At the low end, legal aid in this province pays new lawyers $77.56 per hour. After a few months in practice, you'll quickly learn that the Ontario Bar considers this rate to be grossly inadequate. Many lawyers stop accepting legal aid certificates altogether as soon as they become busy enough to pick and choose retainers. So, your rate should be significantly higher than what legal aid pays. For another data point, consider the articling student. Medium- and large-sized firms routinely bill out their articling students at rates of $125-$175 per hour, and more. Surely a lawyer who has completed his articles and been called to the Bar can justifiably demand a premium.
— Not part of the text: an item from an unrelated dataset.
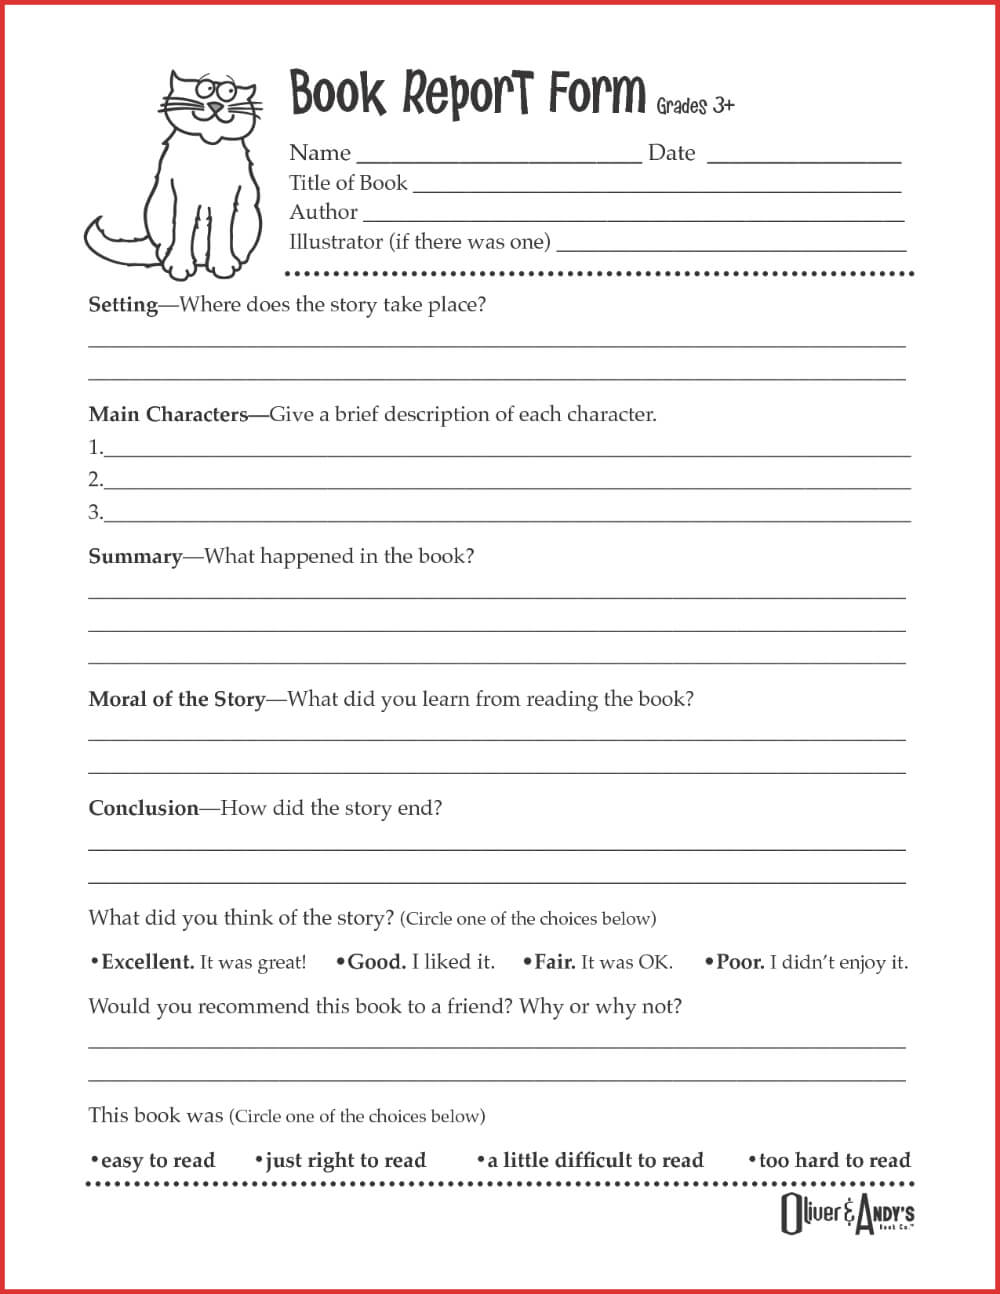 Second Grade Book Report Template Book Report Form Grades 3 With Book Report Template Middle School

What about the top end? What are lawyers with one or two years of experience charging per hour? A colleague of mine bills his corporate/commercial clients a minimum of $275 per hour and refers to this as "a healthy rate". Another, a civil litigator with even less experience, bills at $250 per hour. A January 14, 2009 article in Maclean's titled 'When lawyers are only for the rich' pegs the average hourly rate for lawyers called to the bar in 2008 at $220. Granted, the author's chastised the profession for the 69% increase over 2005 rates and lamented the effect it has had on access to justice, but we'll leave the socioeconomic analysis to another post. The point is that these are the rates that other lawyers charge and it's what clients have come to expect.

An acquaintance of mine has commented that all of these numbers seem too high. He tells me that in Windsor, where he attends law school, new calls earn $100 to $150 per hour. He knows of two lawyers who charge $250 and $300 per hour each, and they have been practicing for decades. What to make of the sharp contrast between his numbers and mine? First, Windsor is not Toronto. Neither is London, or Ottawa, or Montreal, or Vancouver. Toronto is the largest legal market in the country, in the same way that New York City dominates the scene south of the border. Whether true or not, a Toronto address suggests a quality and competency not available elsewhere. And the cost of doing business in Toronto is extremely high. The rates in this city reflect that.
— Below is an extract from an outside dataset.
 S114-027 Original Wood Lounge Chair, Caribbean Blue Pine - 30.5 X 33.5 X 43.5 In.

With all of the above considerations in mind, I feel a new call should set his rate at between $150 at the extreme low end and $250 at the extreme high end. $180 to $200 is a healthy rate in Toronto.

What about criminal lawyers, who tend to bill in blocks and not by the hour? These numbers are harder to pin down. However, my limited and completely unscientific survey of younger members of the criminal Bar suggests $1000 to $1500 for a one day bail hearing and $1500 to $4000 for a one day trial.
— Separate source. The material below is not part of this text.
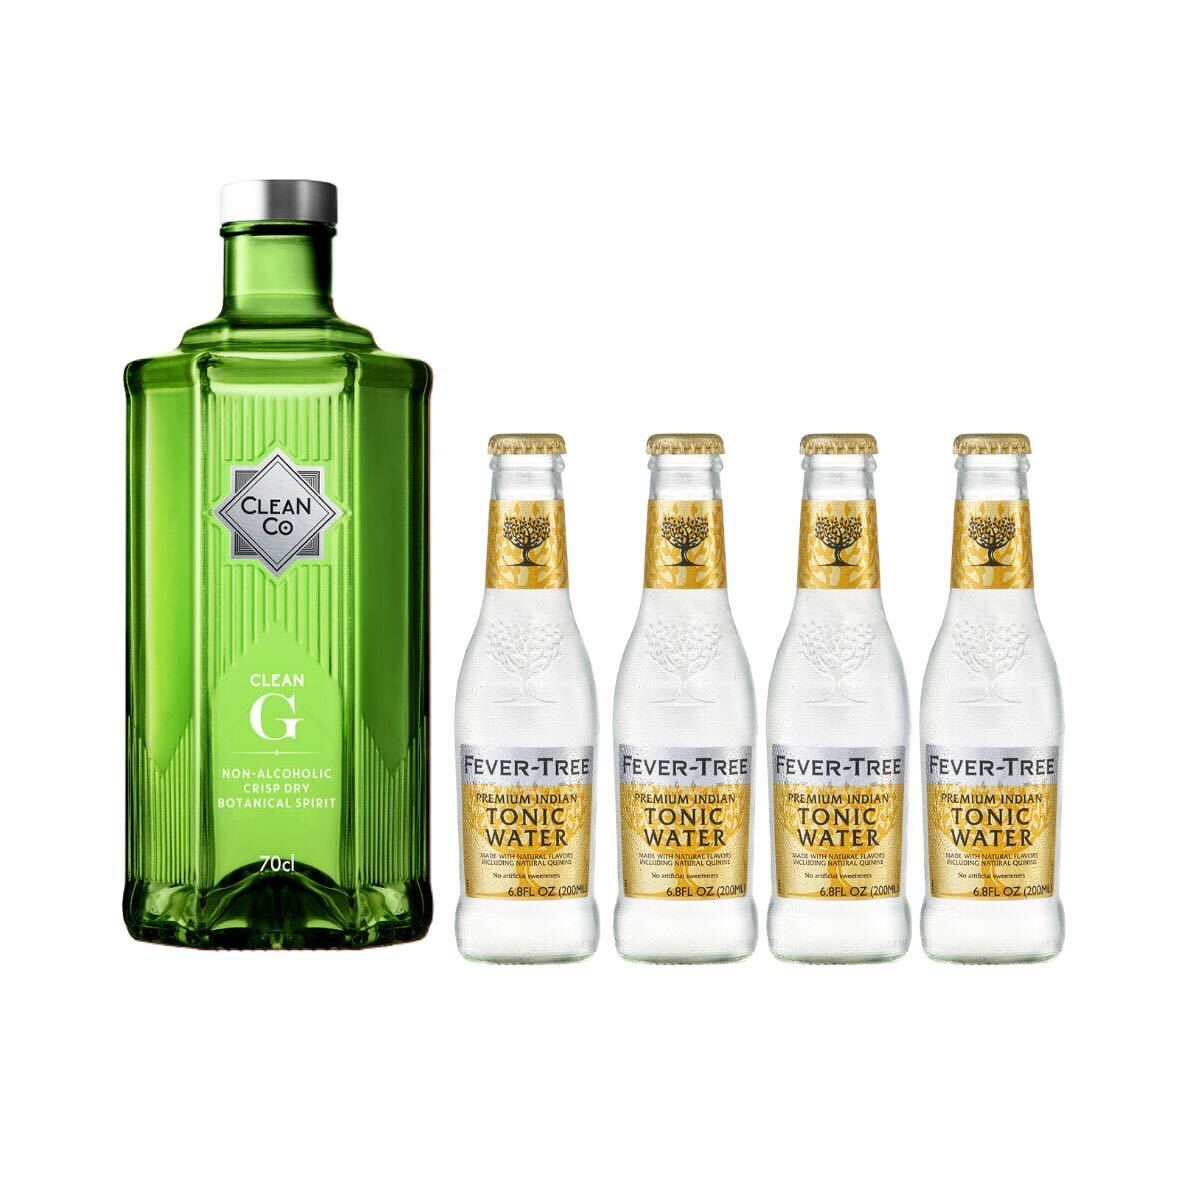 CleanCo Clean G Non Alcoholic Gin Alternative

New lawyers can find it challenging to balance their desire for a fair fee with their need to secure clients. When business is slow and your calendar is bare, it may seem like a good idea to offer a lower rate to lasso a particular client. This can be a successful strategy, but be careful. As your name spreads and your calendar fills, you may find that a simple matter for which you agreed to a tiny retainer has unexpectedly gone off the rails. You may come to resent time spent on files like these, which is time taken from other, more lucrative matters.

What do you think new lawyers should bill? What other factors should be taken into consideration in determining an appropriate fee? Share your ideas in the comments.